The first two approaches (restricting; blocking) are useful if one or two variables are known, or thought likely, to cause confounding. The third approach (analysing) requires recording all the variables suspected of being confounders. The fourth approach (randomly allocating) is superior if it is possible, because it reduces the chance of confounding even for variables not even suspected as being confounding variables. Notice that a common theme is to measuring, observing, assessing or recording any variables of potential concern, to ensure no lurking variables exist to compromise the results.
Of course, more than one of these approaches can be used, such as randomly allocating individuals to groups, but also measuring, observing, assessing or recording many other variables that can be managed through analysis (Example 7.1).
Sometimes the impact of confounding is managed by restricting the study to some groups, based on potential confounding variables, or keeping some variables constant.
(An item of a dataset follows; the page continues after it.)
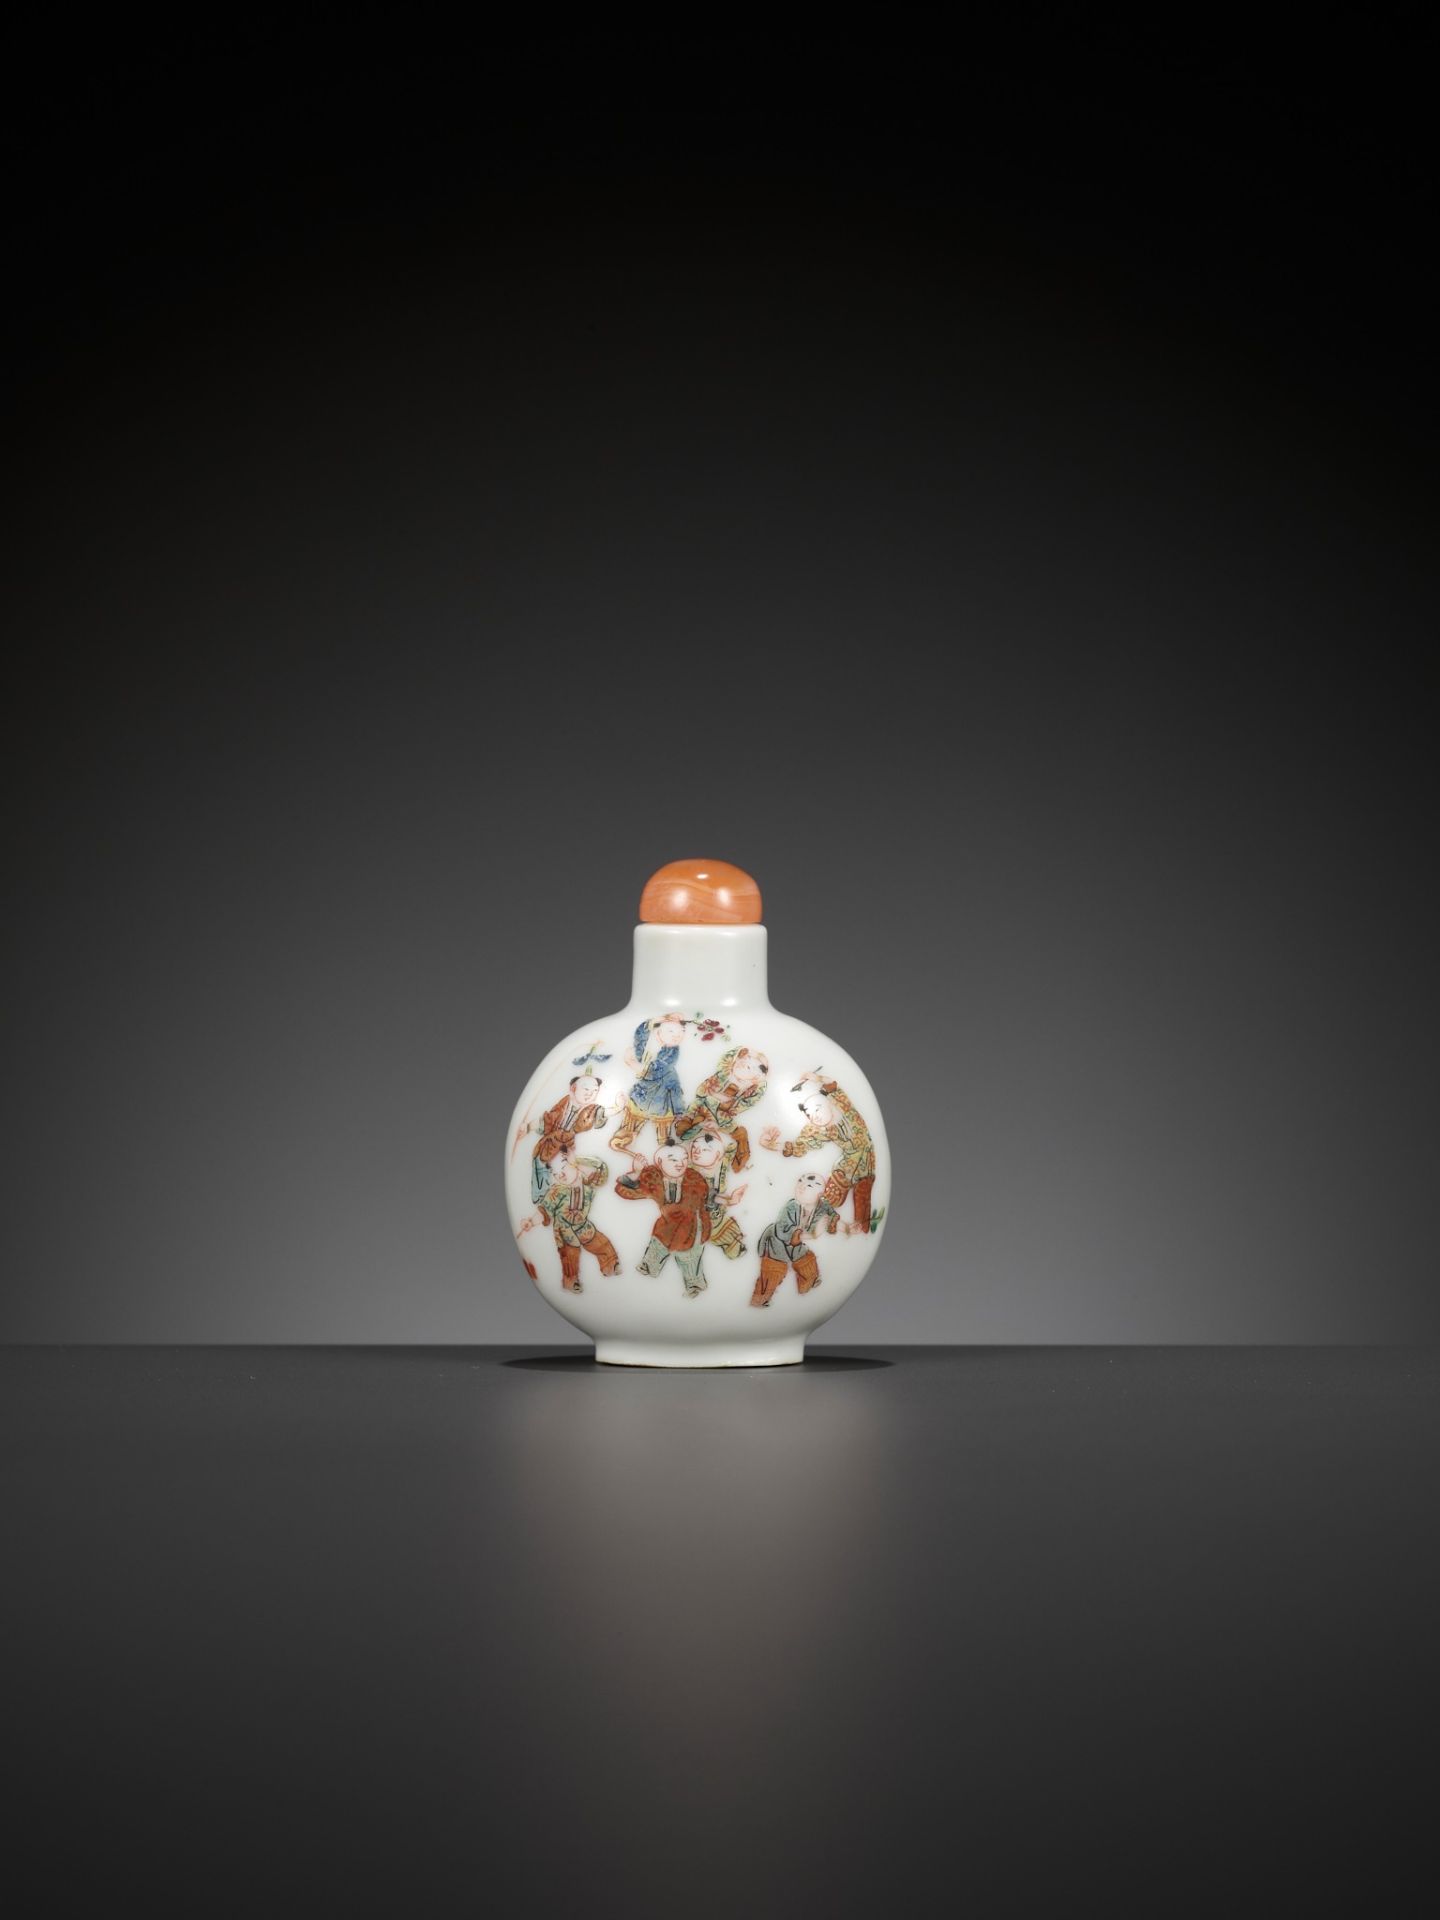 AN IMPERIAL FAMILLE ROSE 'BOYS AT PLAY' PORCELAIN SNUFF BOTTLE, DAOGUANG MARK AND PERIOD - Image 7 of 11

These variables are called control variables. If possible, a reason for this restriction should be given.
Sometimes blocking is used to minimise the impacts of confounding. Blocking refers to separating the units of analysis into a small number of groups that are similar to one another, then studying those groups separately. The Himalaya study, might be blocked on age (Fig. 7.1).
Confounding variables can be accommodated in the analysis (using analysis methodology beyond what is in this book), provided those variables have been measured, observed, assessed or recorded. Because of this, measuring, observing, assessing or recording all the information likely to be important for understanding the data is important.
Measure, observe, assess or record all all the information that is likely to be important for understanding the data. This may include information about
- the individuals in the study; and
- the circumstances of the study.
For this reason, most studies involving people record the participants’ age and sex, as these two variables are common confounders. Once a sample is obtained, recording this extra information usually requires little extra effort.
Example 3.6 (Analysis) An experimental study (Schröder et al. 2015) compared nitrogen (N) and phosphorus (P) concentrations in maize, for evenly-injected liquid manure and band-injected liquid manure.As potential confounding variables, the researchers also recorded the average temperature and the precipitation (between May 1 and September 30) at each site.
7.2.4 Random allocation
One way to minimise confounding is to random allocate individuals in the study to the treatment groups. The advantage of random allocation is that it should approximately evenly distribute potential confounding variables that have been identified (such as age) but also those variables that may not have even been considered as confounders, or are hard to measure or observe (such as genetic conditions).
In the Himalaya study, the units of analysis (the people in the sample) could be allocated to a group at random, and then the groups allocated a diet through a toss of a coin (Fig. 7.2).
Random allocation may occur when randomly allocating individuals to groups (true experiment), and/or when randomly allocating treatments to groups (true or quasi-experiment). Random allocation can be shown, in general, as in Fig. 7.3.